There are varying increases being spoken about from 1-2% in national insurance contributions, with different government figures and departments having their say.
It comes despite the Conservatives promising ahead of the 2019 general election not to increase national insurance, income tax or VAT in their manifesto.
Here’s a look at who pays national insurance, when it starts and stops and how much the proposed rise could be for UK contributors.
Who pays national insurance?
National insurance contributions are made to qualify for certain benefits from the UK government, including the state pension.
Payments are made by people who are 16 years of age or over and are either an employee earning more than £184 a week or self employed making a £6,515 profit or more a year.
There are different types of national insurance classes, which is linked to how much you pay depending on employment status and how much you earn.
There is the option to pay voluntary contributions to avoid gaps in national insurance record while anyone earning between £120 and £184 a week has their record protected.
How are national insurance contributions calculated?
National insurance is made up of contributions deducted from their pay and those paid by their employer and depends on national insurance category and earnings.
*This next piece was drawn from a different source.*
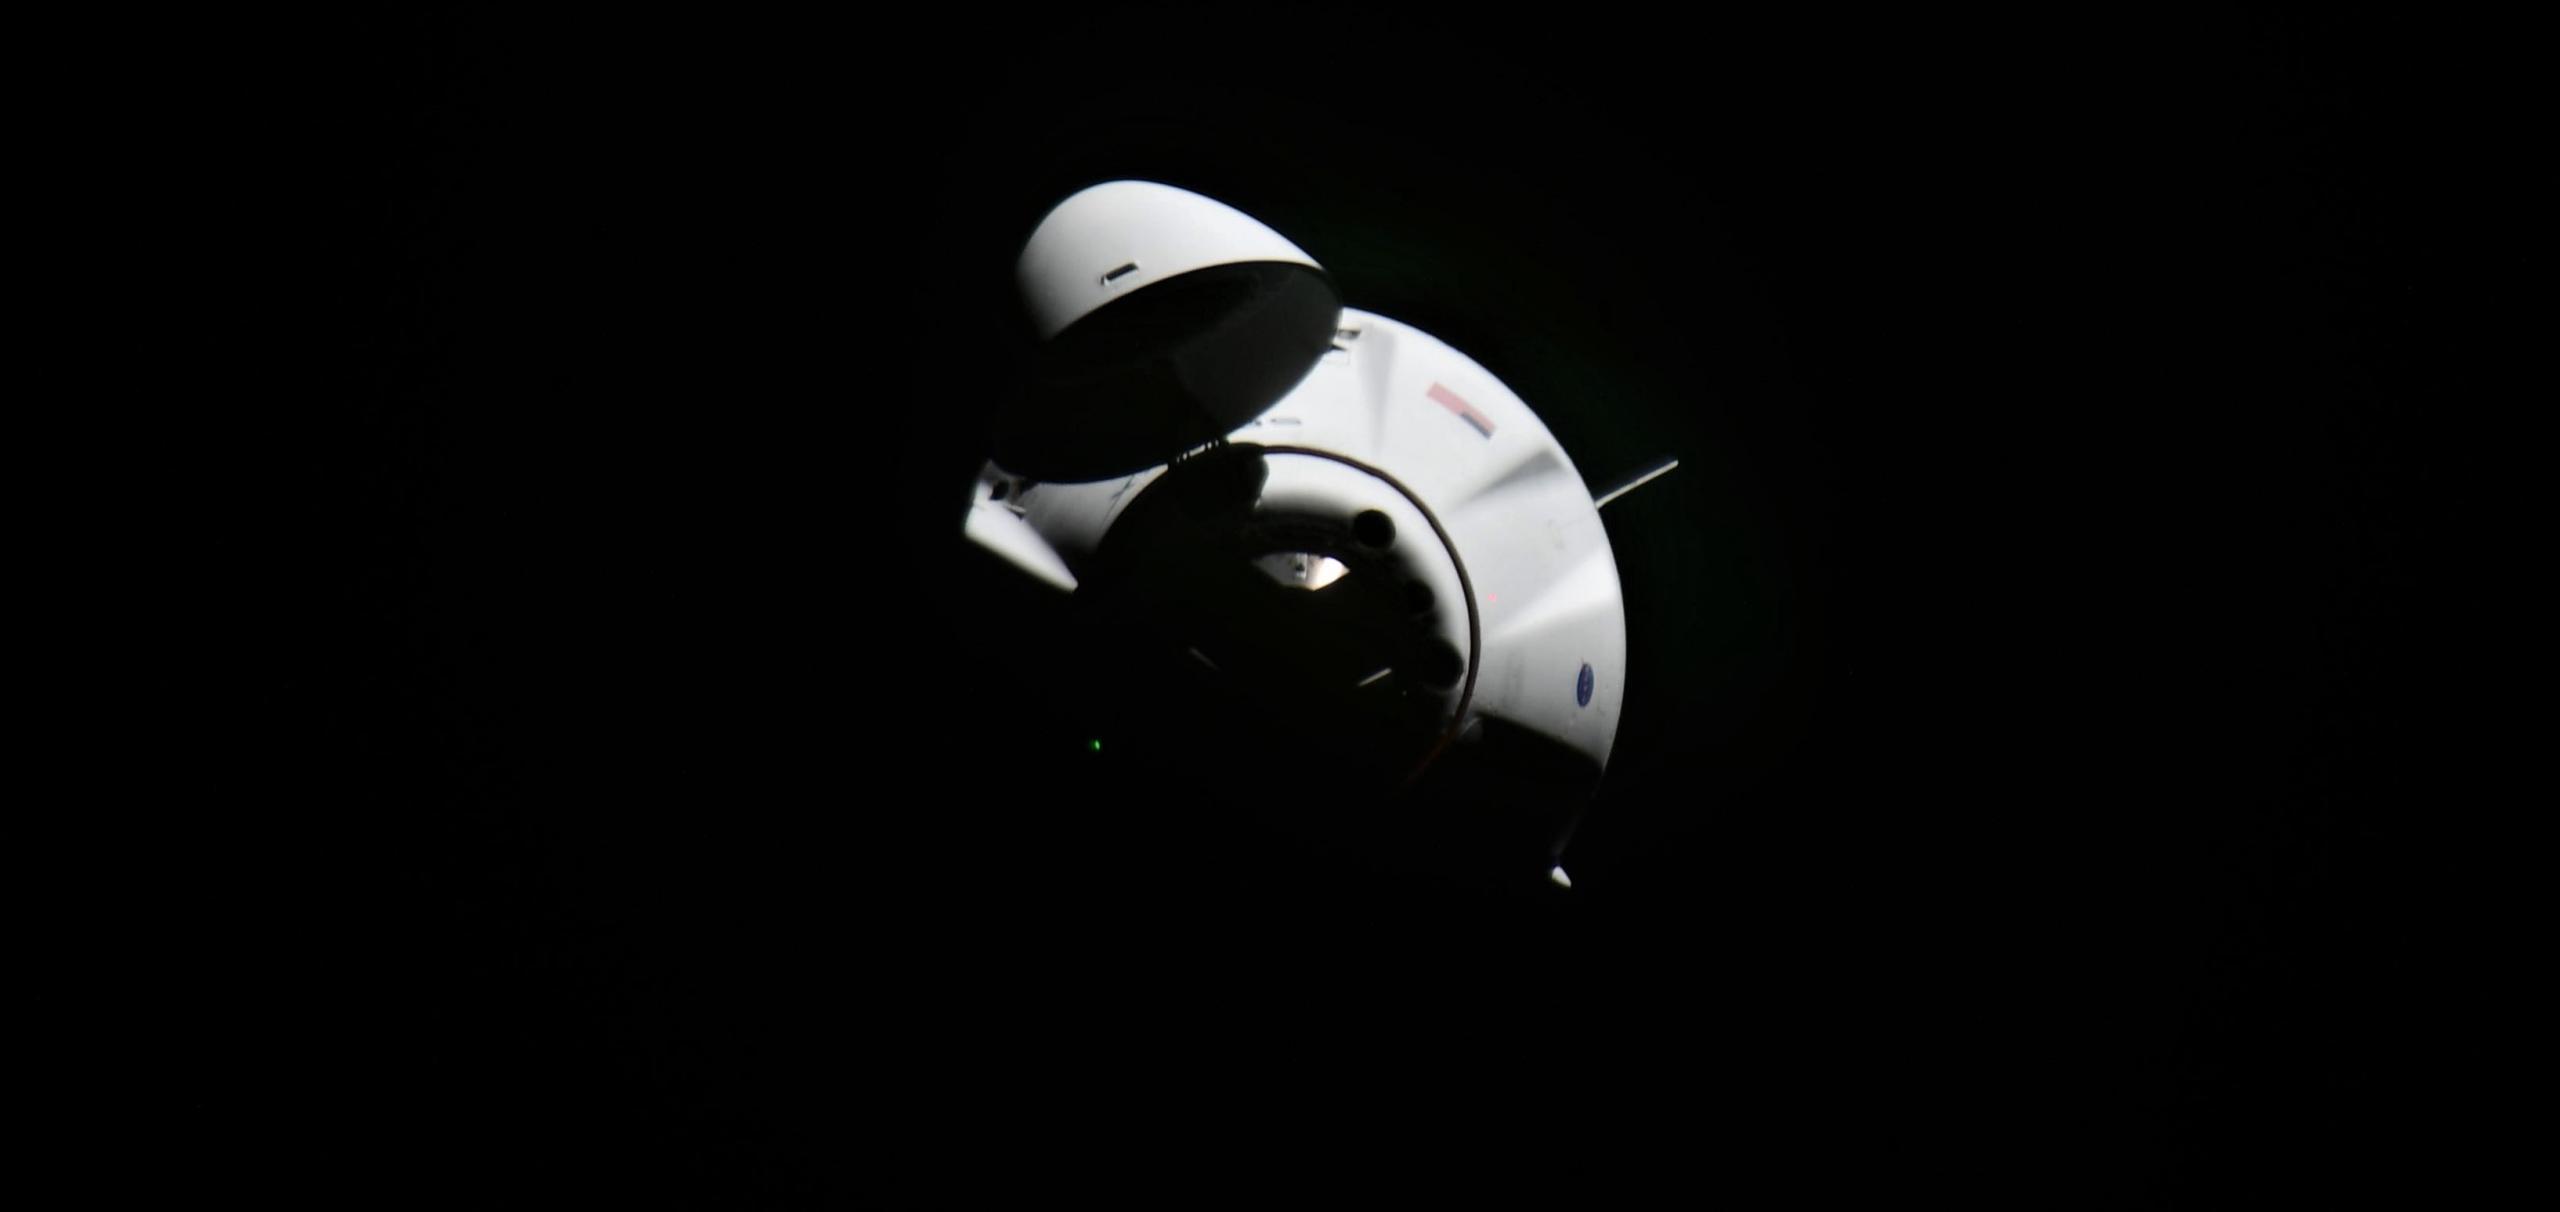 CRS-21 Cargo Dragon 2 120720 (Sergey Kud-Sverchkov) ISS arrival 4 crop (c)

National insurance categories:
- A - All employees apart from those in groups B, C, J, H, M and Z in this table
- B - Married women and widows entitled to pay reduced National Insurance
- C - Employees over the State Pension age
- J - Employees who can defer National Insurance because they’re already paying it in another job
- H - Apprentice under 25
- M - Employees under 21
- Z - Employees under 21 who can defer National Insurance because they’re already paying it in another job
Current employee national insurance rates:
- Category letter - £120 to £184 (£520 to £797 a month) - £184.01 to £967 (£797.01 to £4,189 a month) - Over £967 a week (£4,189 a month)
- A - 0% - 12% - 2%
- B - 0% - 5.85% - 2%
- C - N/A - N/A - N/A
- H - 0% - 12% - 2%
- J - 0% - 2% - 2%
- M - 0% - 12% - 2%
- Z - 0% - 2% - 2%
A category A employee will pay nothing for the first £184 earned, 12% on earnings between £184.01 and £967 and 2% on earnings over £967.
When do you stop paying national insurance?
National insurance contributions stop when you reach state pension age.
The state pension age changes over time, impacting different generations with life expectancy increasing, generally, and people working later in life.
For people reaching state pension age now (September 2021) then you will stop making national insurance contributions from the age of 66 for men and women.
For those born after 5 April 1960 the state pension age increases further to 67 and then again to 68 for those born after 5 April 1977.
How much is the proposed national insurance rise?
There are varying reports on how much the rise in National Insurance contributions could be.
Health secretary Sajid Javid is pushing for a 2% rise though chancellor Rishi Sunak is trying to keep any increase under 1%, according to The Times.
Number 10, however, wants a one percentage point rise, while the Treasury is pushing to go even higher to 1.25 percentage points, reports the Daily Telegraph.
No decisions have yet been made, was the government’s message on Friday 3 September.
Justice secretary Robert Buckland said it had to be a "generational change", as well as one for parliament, in an interview with Sky News.
He said: "We will work as quickly as possible in order to get that certainty that I think so many people have been looking for for so long."